_PROBLEM STATEMENT:_
In the records below, the lines between the one holding "Outdoor wedding ceremony" and the one holding "Bed Sheet Exporter India", inclusive, are to be transcribed exactly; no pictures are to be included.

_EXERCISE DATA:_
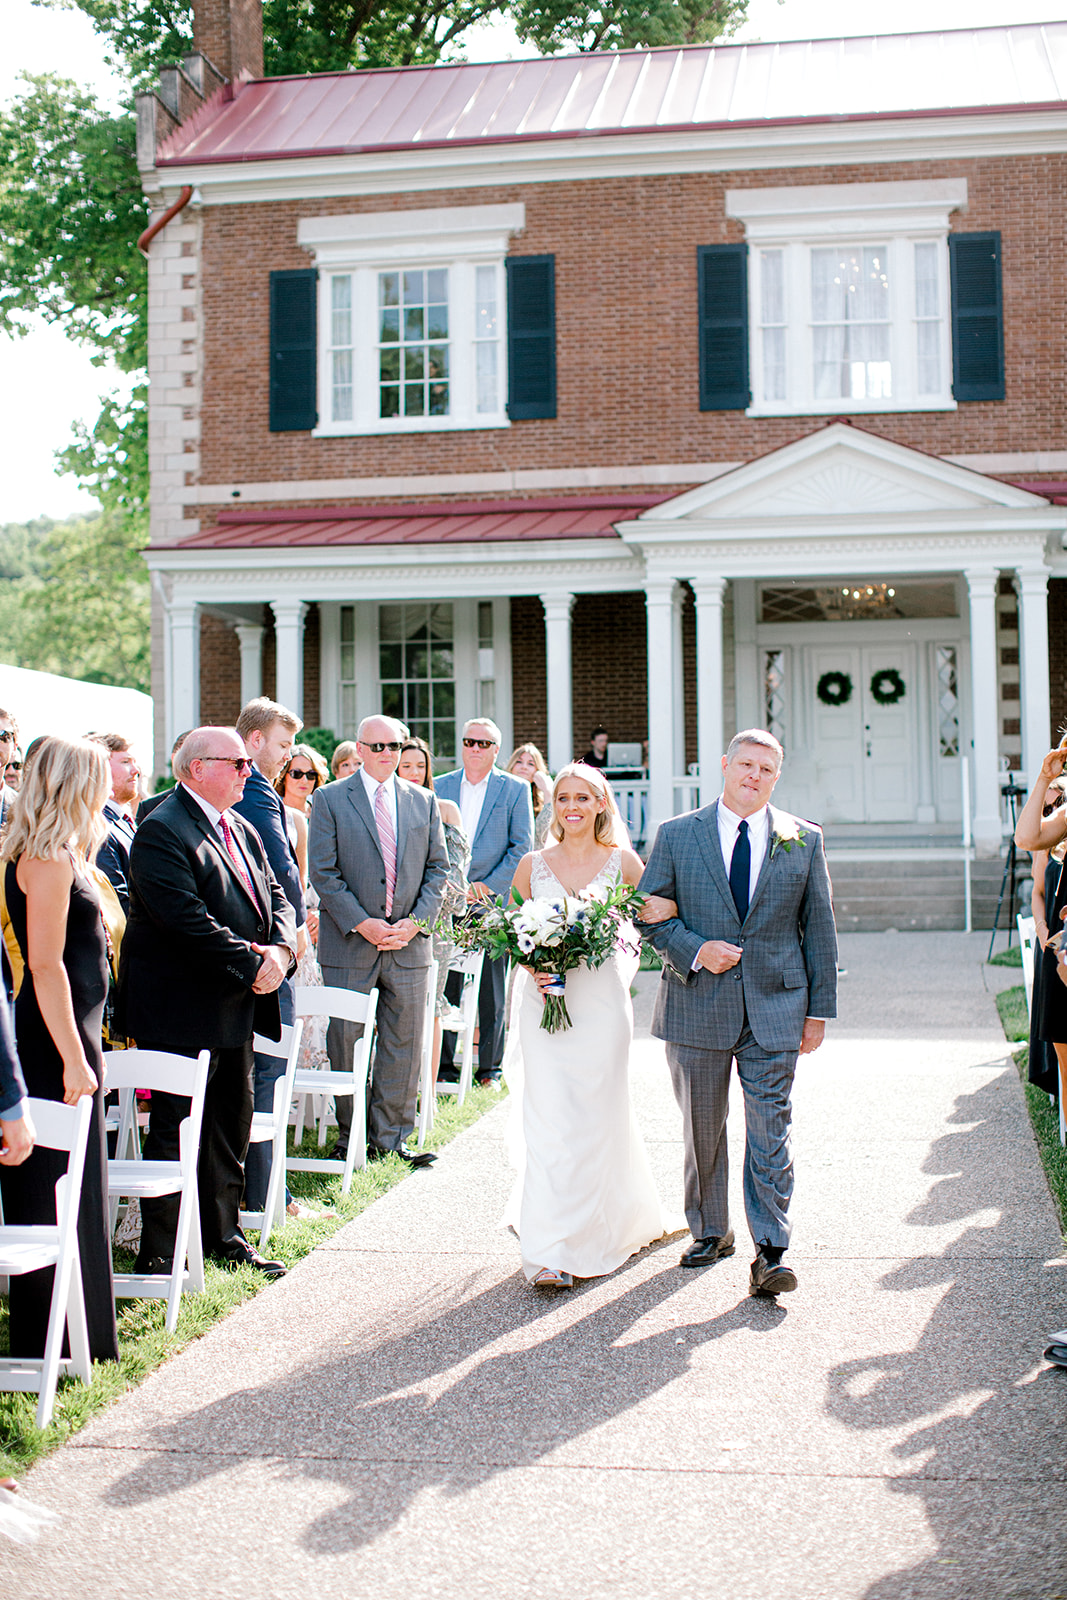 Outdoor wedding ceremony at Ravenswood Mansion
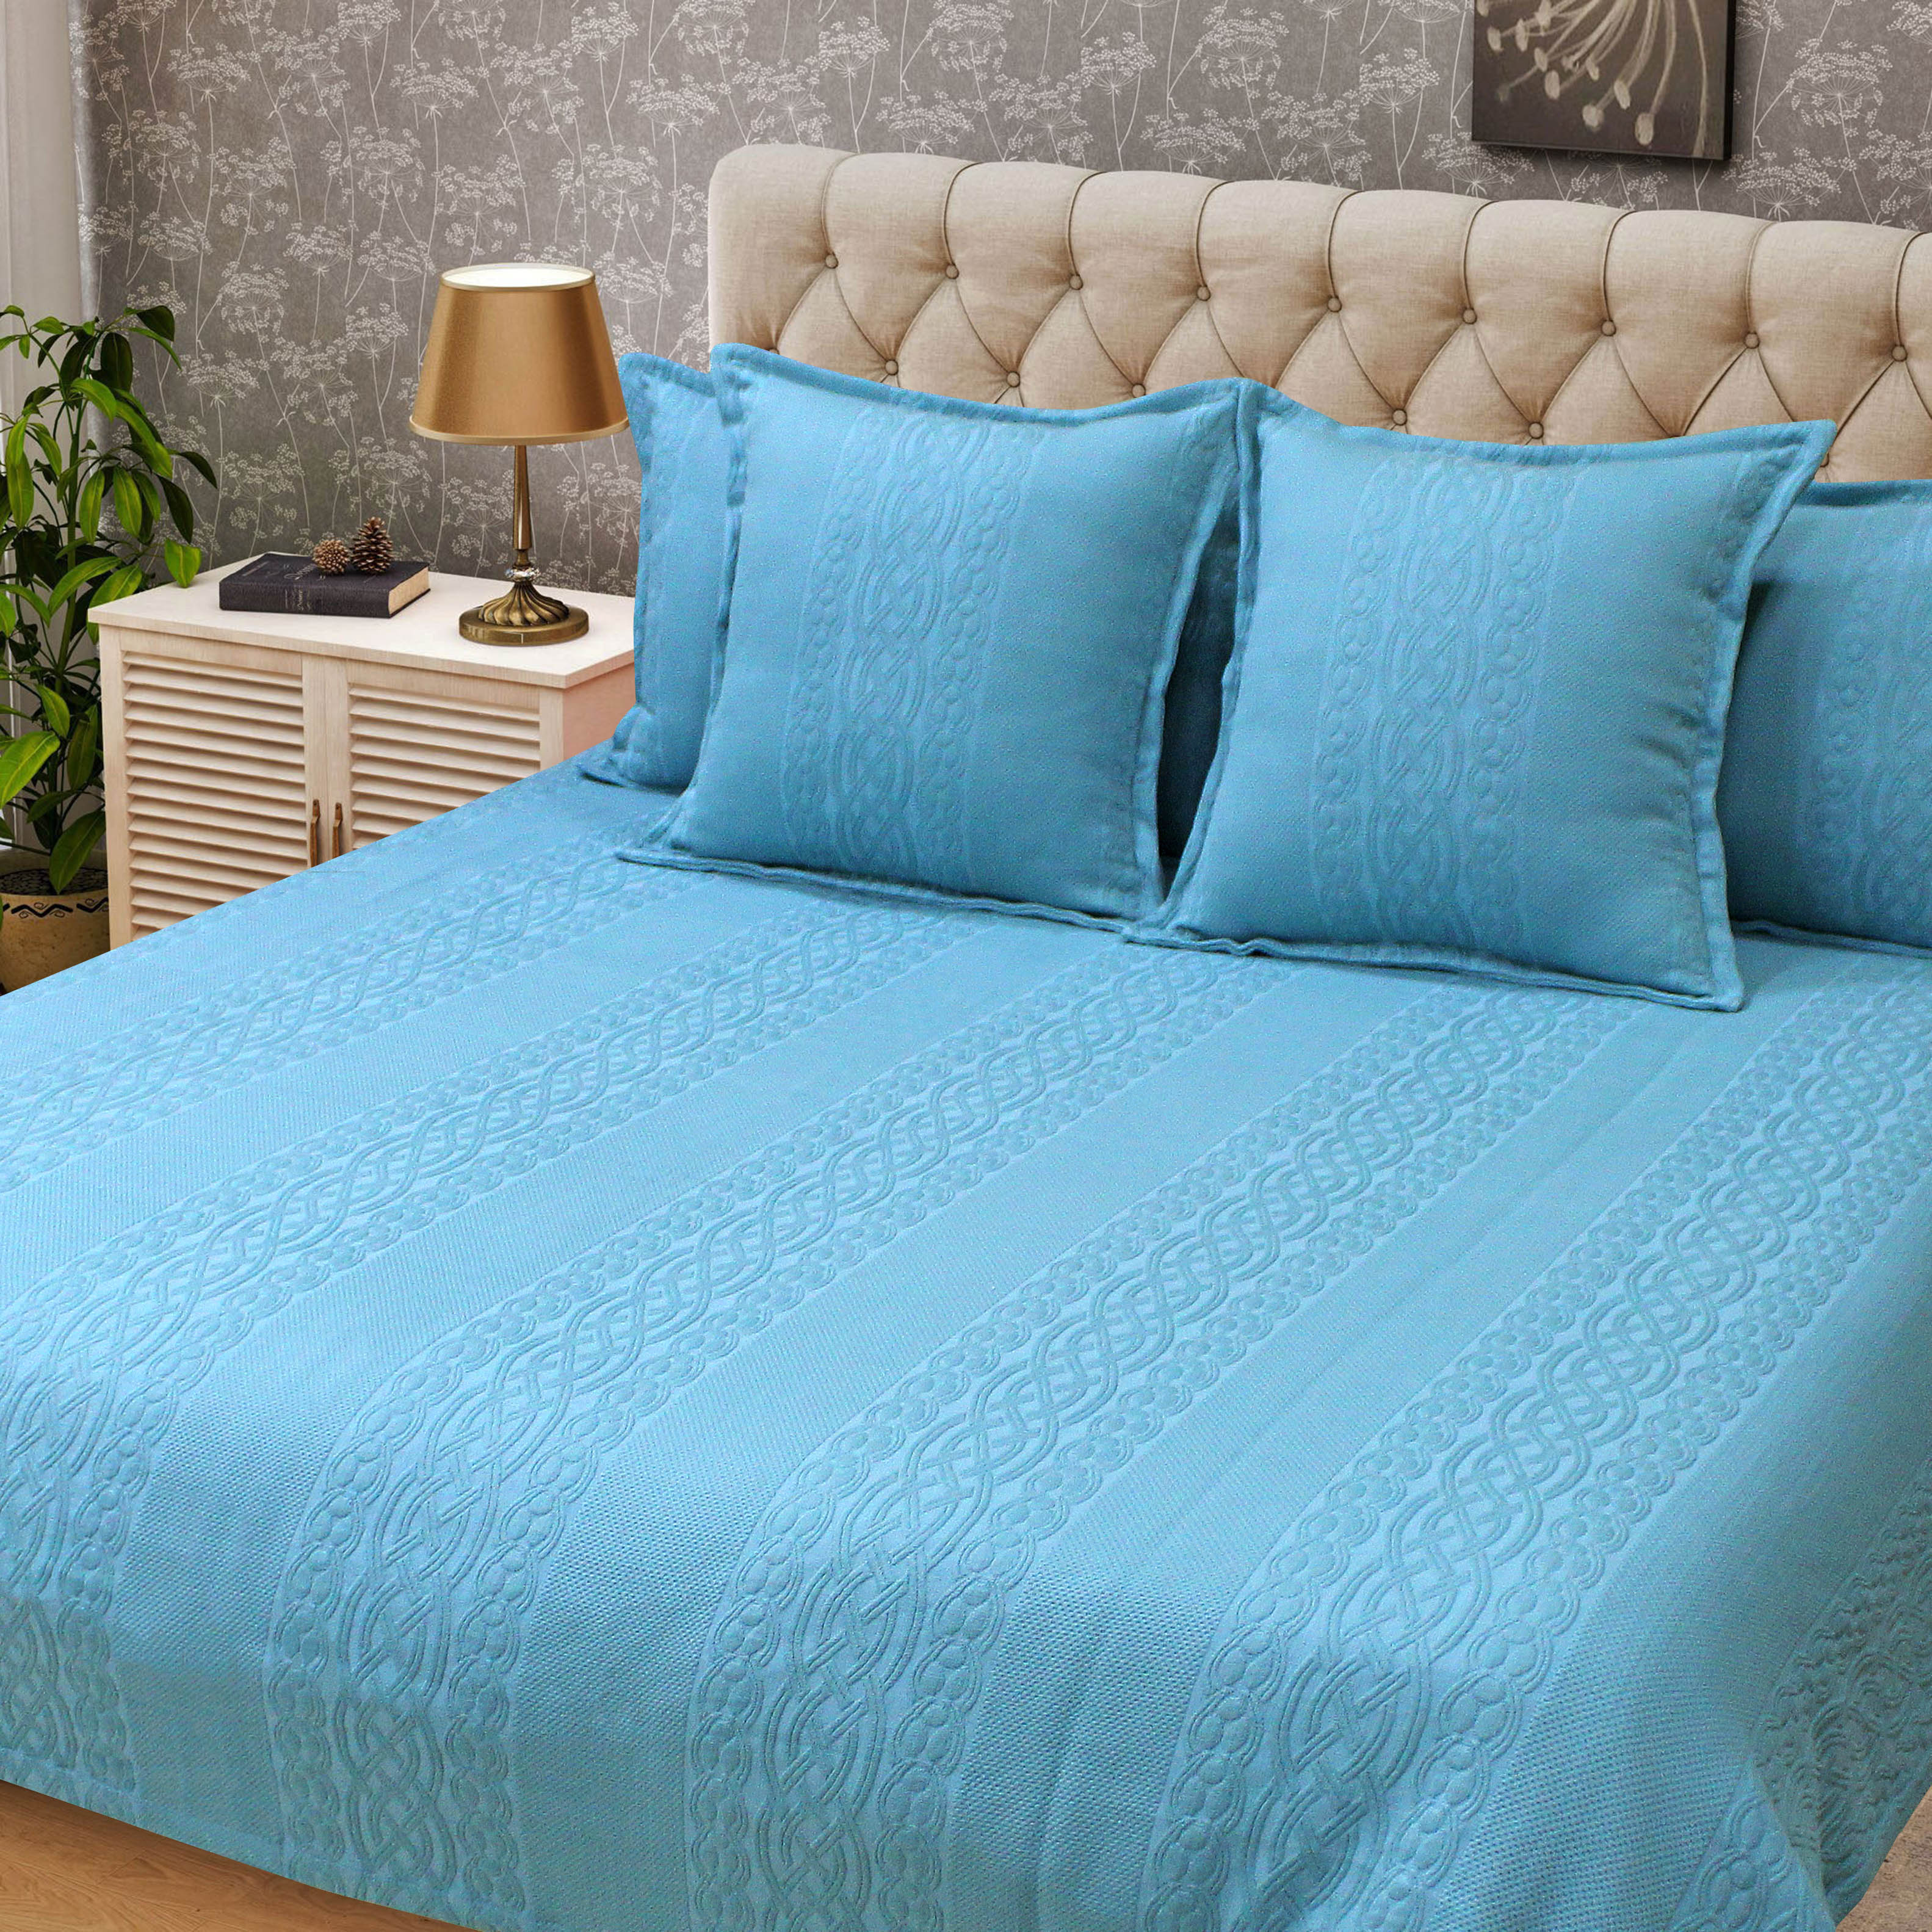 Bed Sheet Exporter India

...

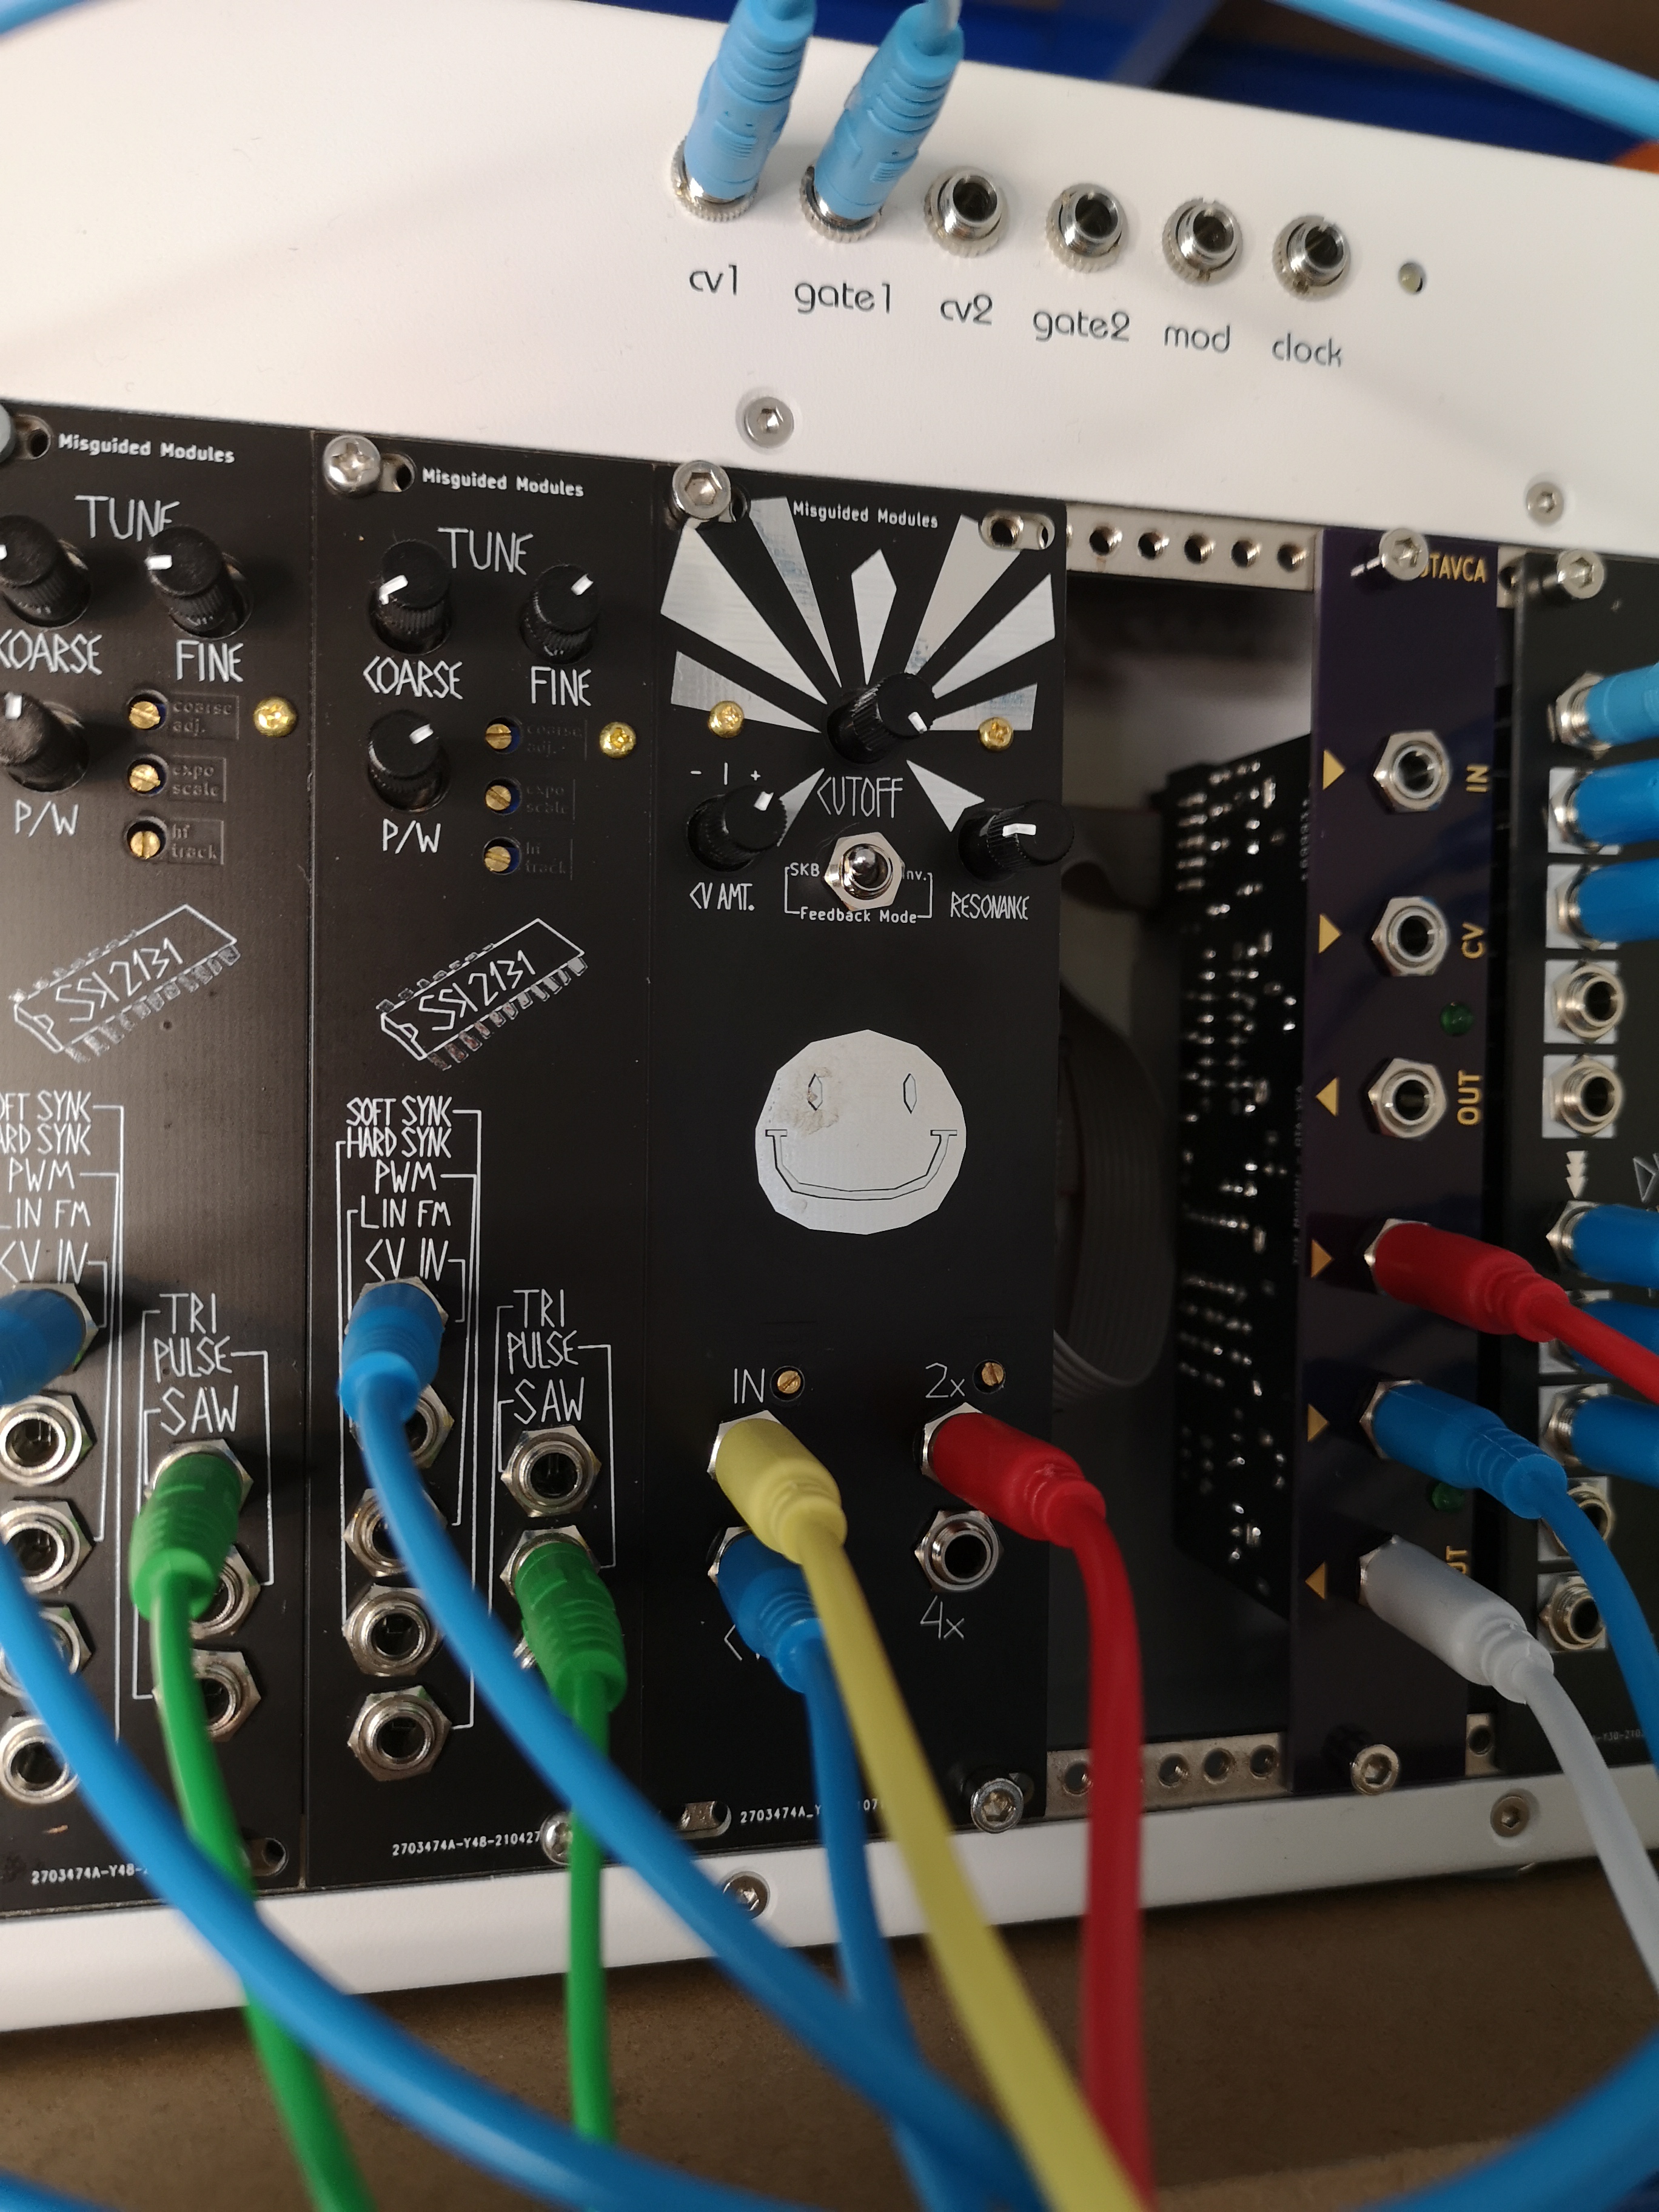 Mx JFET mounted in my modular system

_ANSWER:_
 Outdoor wedding ceremony at Ravenswood Mansion
 Bed Sheet Exporter India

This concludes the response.